Dopo lo spazio le potenze mondiali si contendono il primato per il vaccino da Coronavirus. Certe partite non si chiudono, neanche dopo cinquant’anni. Così la Russia conta di arrivare al vaccino prima che lo facciano gli americani. Come fu per lo spazio.

La società americana di biotecnologia Moderna è stata la prima ad aver avviato – lo scorso 27 luglio – la fase finale dei test sull’efficacia del vaccino. Seguita da un’altra società americana, la Pfizer, che insieme alla tedesca BioNTech è entrata nell’ultima fase di sperimentazione, su 30mila pazienti. Anche l’azienda svedese AstraZeneca e la cinese CanSino stanno per avviare la sperimentazione su larga scala.

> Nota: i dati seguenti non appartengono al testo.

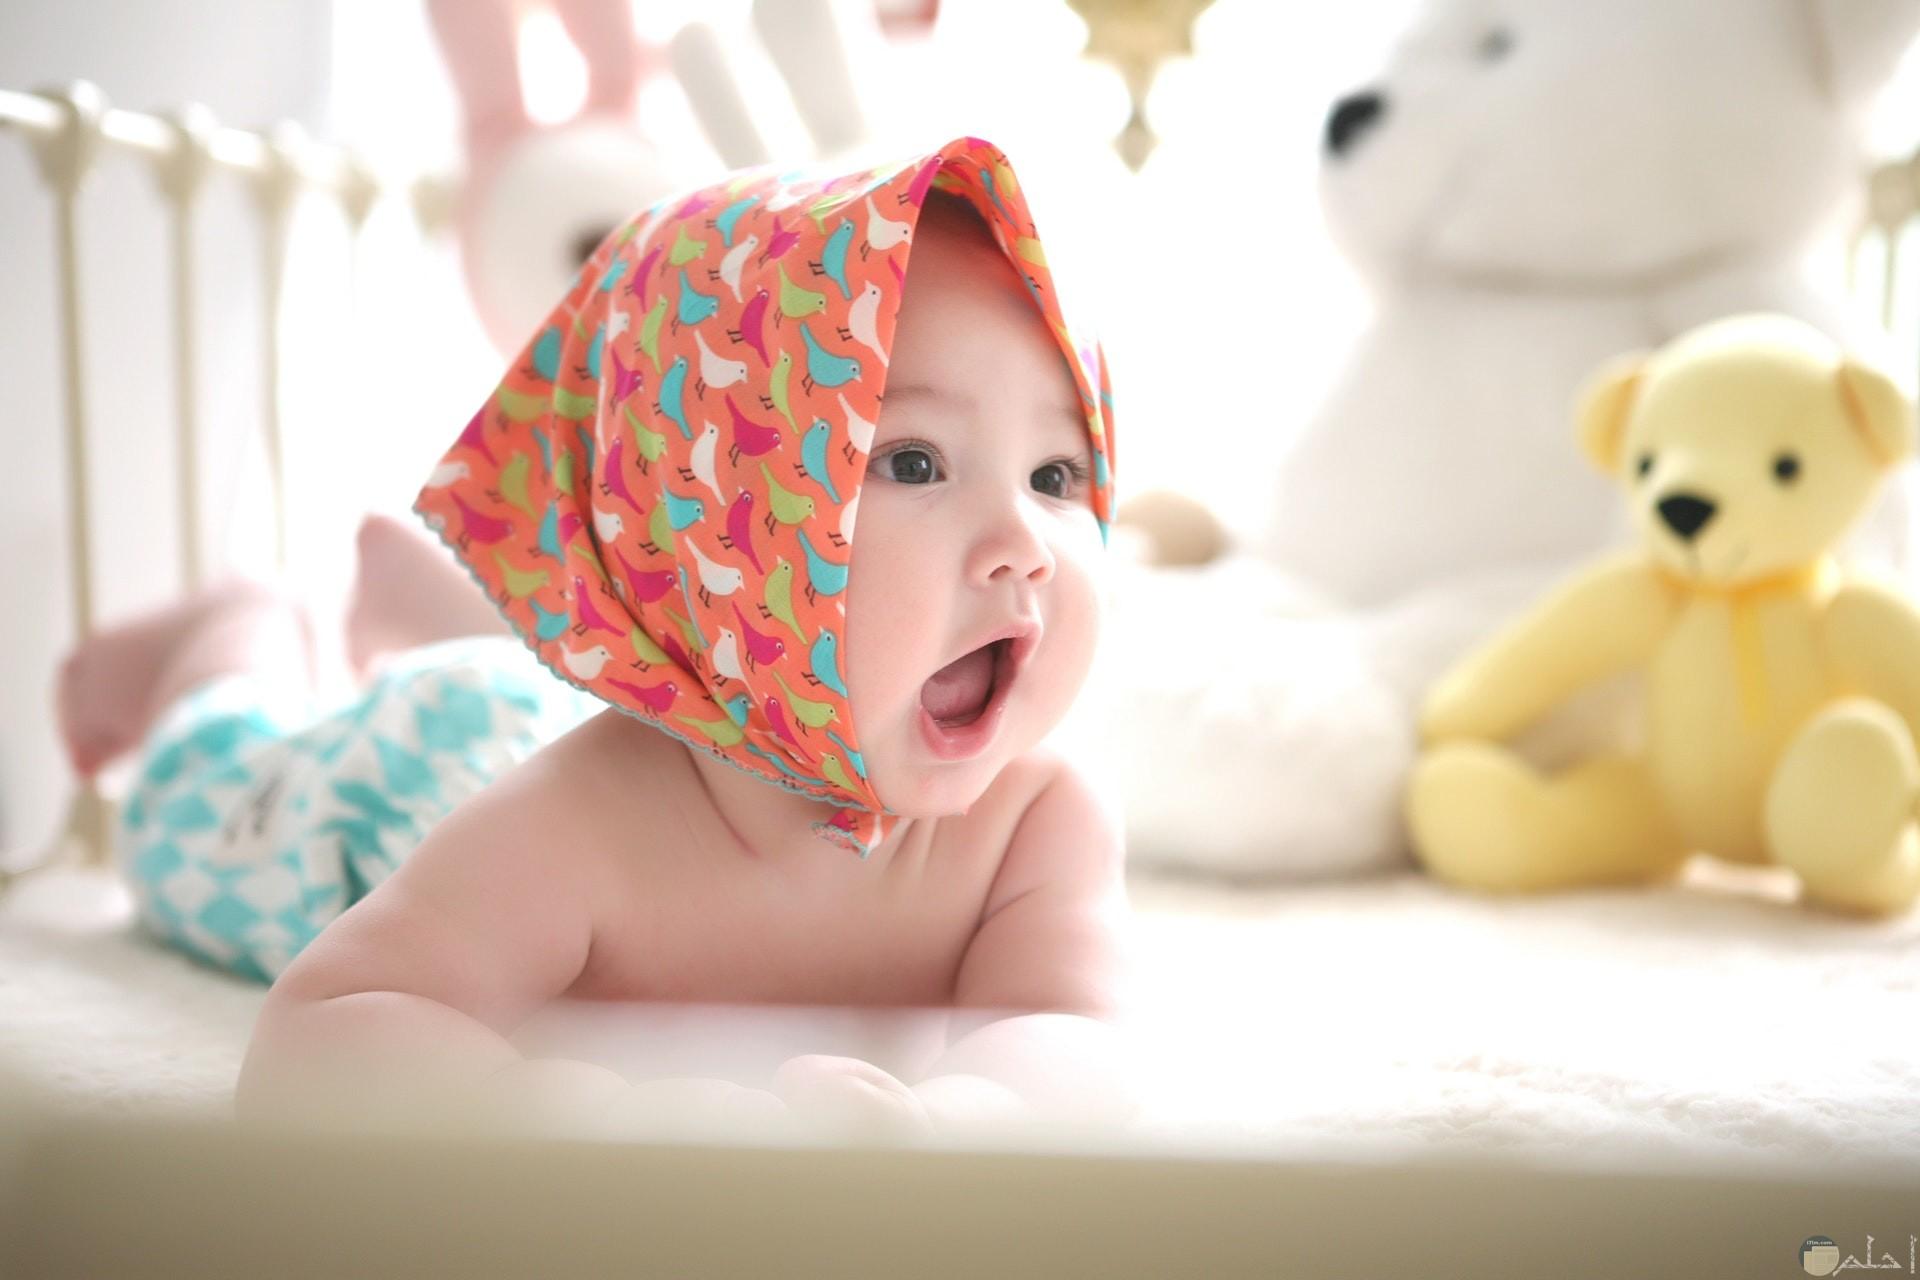 صورة رومانسية لطفل صغير بتعبير وجهه المصدوم مع مجموعة دببة لعب

Entro il 10 di agosto Mosca punta a registrare il suo vaccino e sbaragliare tutti. L’Istituto nazionale di ricerca Gamaleya che sta lavorando al vaccino ha inviato il prodotto al ministero della Salute russo per una valutazione. “Si tratta di un momento Sputnik” ha annunciato il capo del Fondo russo per gli investimenti diretti (Rdif), Kirill Dmitriev, alla CNN. Un chiaro riferimento alla sfida geopolitica che – ora come allora – riguarda ogni aspetto della vita pubblica.

Lo Sputnik, il primo satellite in orbita al mondo, era sovietico e fu lanciato nel 1957. Per fugare ogni dubbio, Kirill Dmitriev ha assicurato che gli americani resteranno sorpresi proprio come avvenne in quella circostanza. Senza dimenticare l’importanza della missione, Dmitriev ha poi sottolineato “i nostri scienziati sono focalizzati non sull’essere i primi, ma sul proteggere le persone”.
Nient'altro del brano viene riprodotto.